[[ Given records, beginning ]]
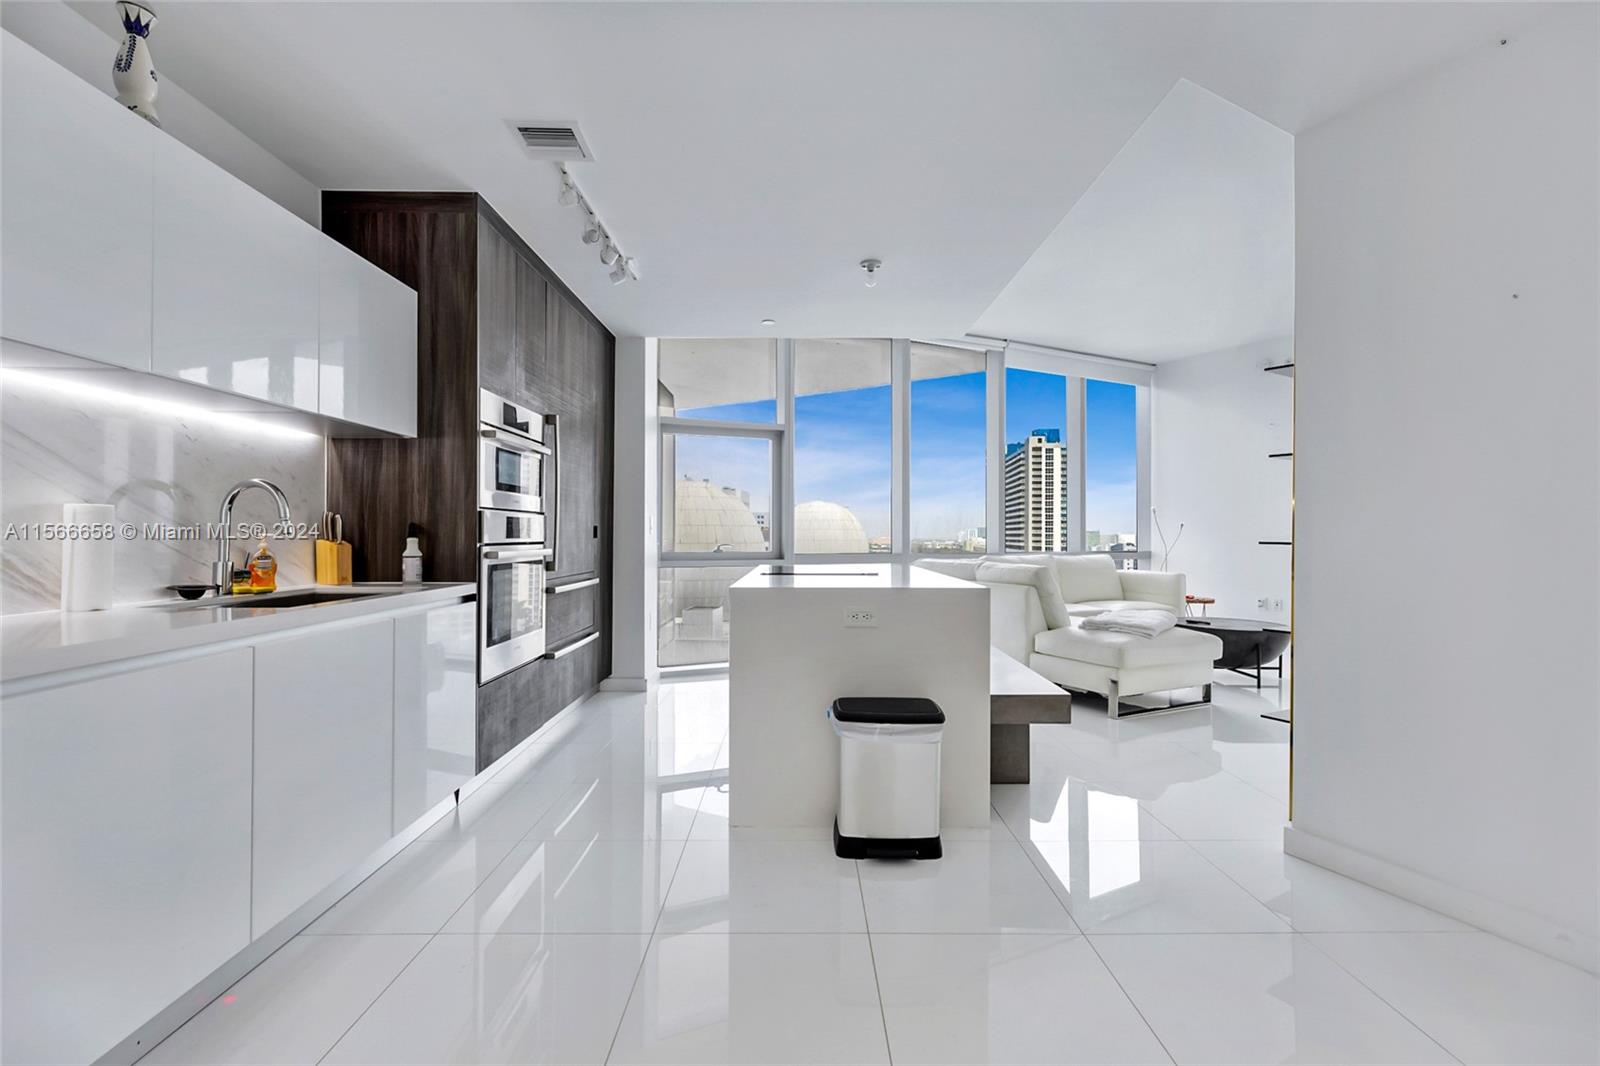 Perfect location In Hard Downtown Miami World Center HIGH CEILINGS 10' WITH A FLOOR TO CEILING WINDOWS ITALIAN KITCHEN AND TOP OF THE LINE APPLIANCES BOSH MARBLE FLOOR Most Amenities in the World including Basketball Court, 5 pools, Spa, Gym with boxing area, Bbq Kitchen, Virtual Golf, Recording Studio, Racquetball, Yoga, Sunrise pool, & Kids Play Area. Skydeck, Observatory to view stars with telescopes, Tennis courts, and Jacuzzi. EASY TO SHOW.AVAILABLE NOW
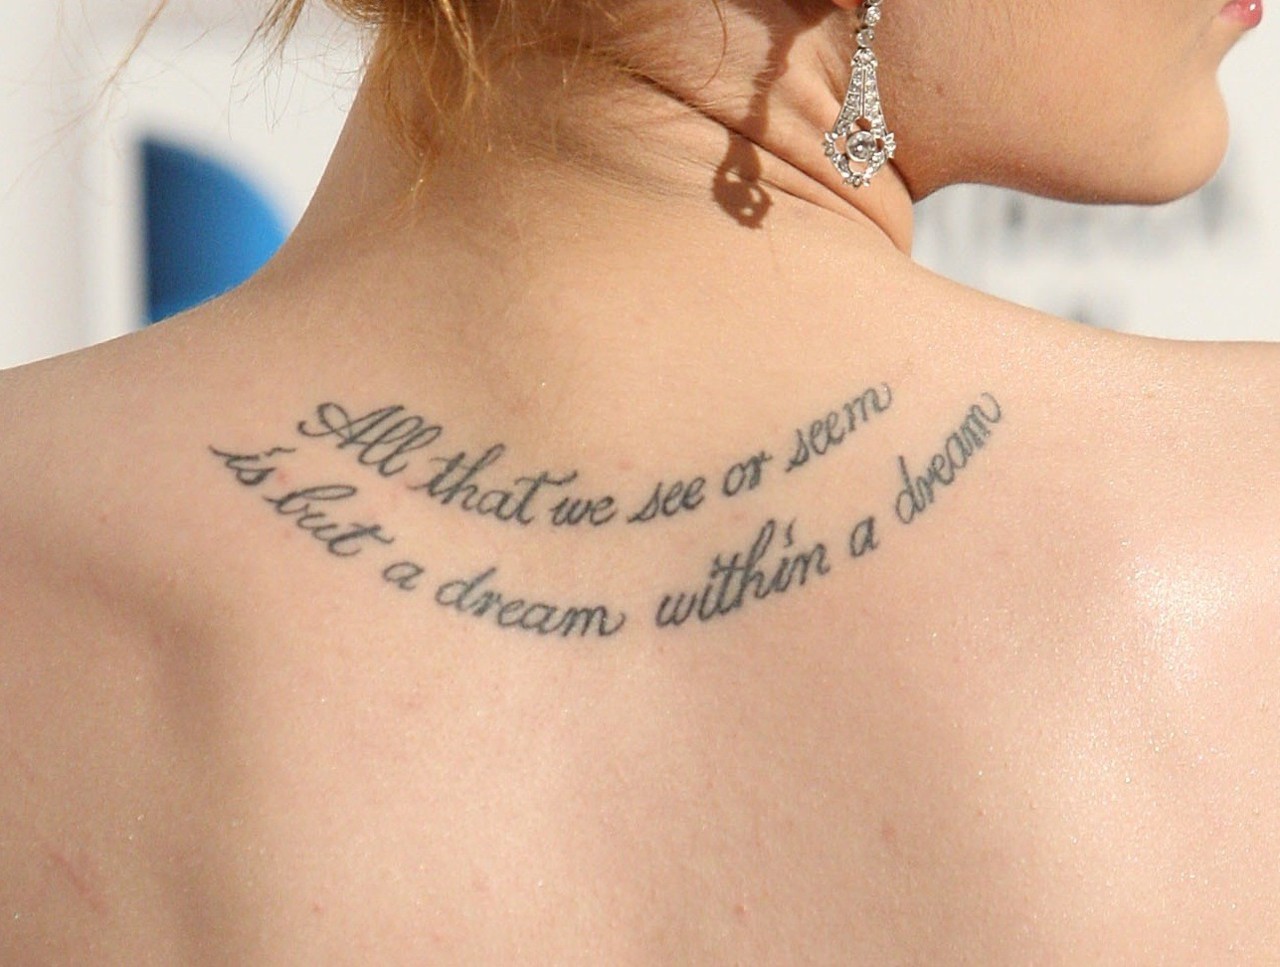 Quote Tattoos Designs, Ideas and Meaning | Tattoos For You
[[ Given records, end ]]
[[ Given records, beginning ]]
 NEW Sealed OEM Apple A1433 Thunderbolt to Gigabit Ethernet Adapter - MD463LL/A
[[ Given records, end ]]
What you are asked to do: In the listing above, find the line holding "Perfect location In" and the line holding "Quote Tattoos Designs, Ideas". Reproduce those two lines and all between them exactly, leaving out pictures.

Output for this task:
 Perfect location In Hard Downtown Miami World Center HIGH CEILINGS 10' WITH A FLOOR TO CEILING WINDOWS ITALIAN KITCHEN AND TOP OF THE LINE APPLIANCES BOSH MARBLE FLOOR Most Amenities in the World including Basketball Court, 5 pools, Spa, Gym with boxing area, Bbq Kitchen, Virtual Golf, Recording Studio, Racquetball, Yoga, Sunrise pool, & Kids Play Area. Skydeck, Observatory to view stars with telescopes, Tennis courts, and Jacuzzi. EASY TO SHOW.AVAILABLE NOW
 Quote Tattoos Designs, Ideas and Meaning | Tattoos For You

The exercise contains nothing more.